INTERNATIONAL ORGANISATION FOR STANDARDISATION
ORGANISATION INTERNATIONALE DE NORMALISATION
ISO/IEC JTC1/SC29/WG11
CODING OF MOVING PICTURES AND AUDIO
ISO/IEC JTC1/SC29/WG11
MPEG2005/N7319
July 2005, Poznan, Poland
Source: Video
Status: Draft Output
Title: Introduction to Low-level Visual Description Tools
This group consists of five supporting tools of visual descriptions describing elementary features, such as color, texture and shape. These tools are designed as descriptor containers and enable structural representation of elementary features. The GridLayout container provides efficient representations of visual features on grids. TimeSeries containers represent temporal arrays of several descriptions. The GofGopFeature container describes representative descriptions over video segment. The MultipleView container describes a 3D object using several pictures captured from different view angles.
Color is the most basic attribute of visual contents. MPEG-7 Visual defines five different description tools, each of which represents a different aspect of the color attribute. Color distribution tools include a representative color description (DominantColor), basic color distribution description (ScalableColor) and an advanced color distribution description (ColorStructure). The remaining tools include ColorLayout describing spatial distribution of colors, and ColorTemperature describing perceptual feeling of illumination color.
The Dominant Color Descriptor characterizes an image or region by a small number of representative colors. These are selected by quantizing pixel colors into (up to 7) principal clusters. The description then consists of the fraction of the image represented by each color cluster and the variance of each one. A measure of overall spatial coherency of the clusters is also defined. This descriptor is a very compact description of the color distribution in the image.

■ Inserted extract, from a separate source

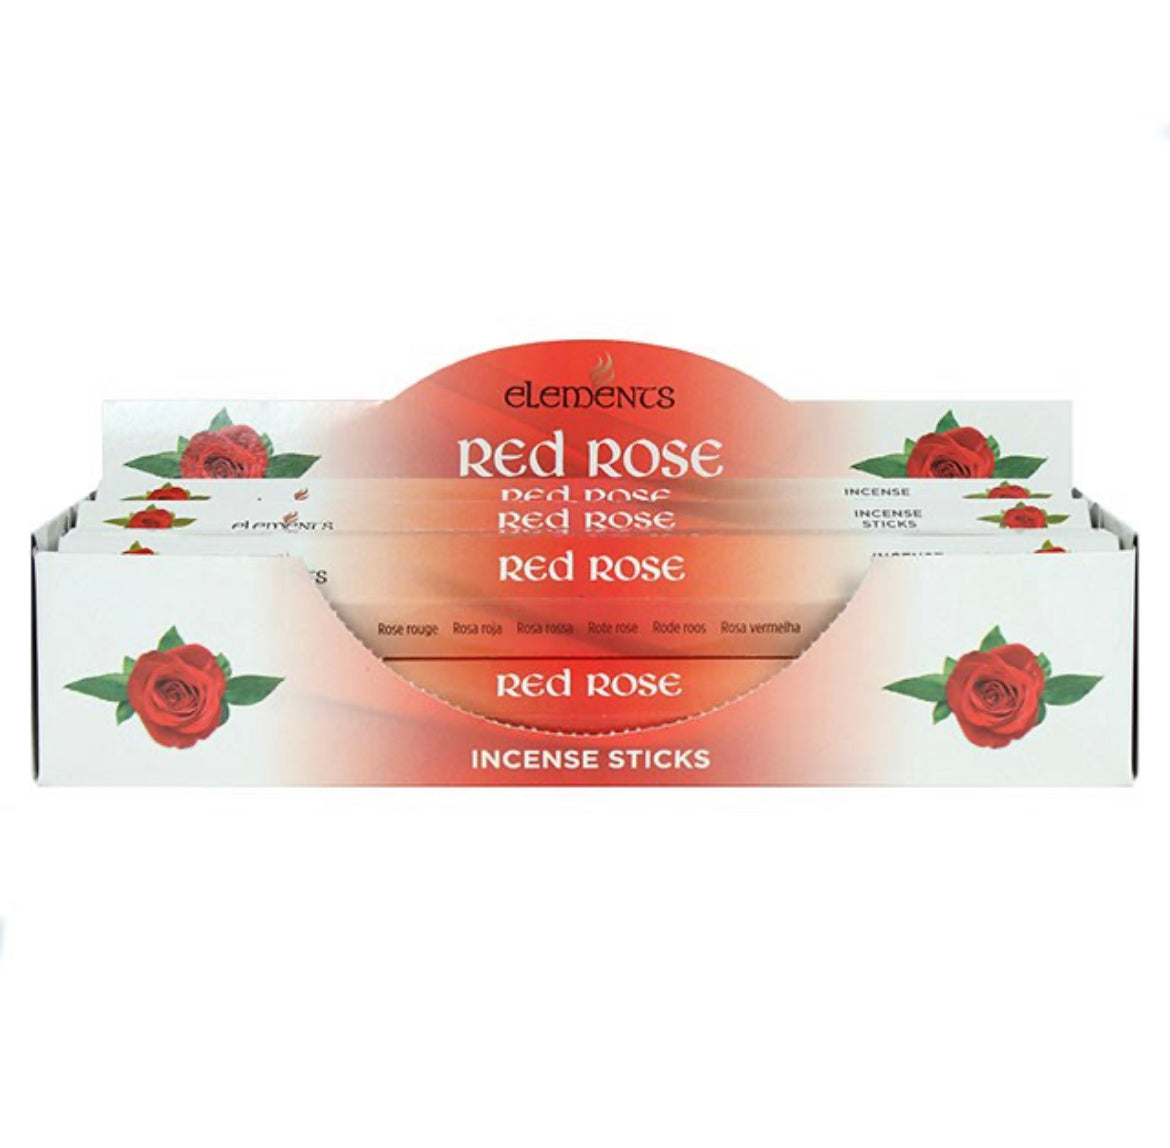 6 Packs of Red Rose Incense Sticks

The Scalable Color Descriptor is a color Histogram in the HSV Color Space, which is encoded by a Haar transform. It has a binary representation that is scalable, in terms of bin numbers and bit representation accuracy, over a broad range of granularity. Retrieval accuracy can therefore be balanced against descriptor size. Inversion of the Haar transform is not necessary for consumption of the description, since similarity matching is also effective in the transform domain.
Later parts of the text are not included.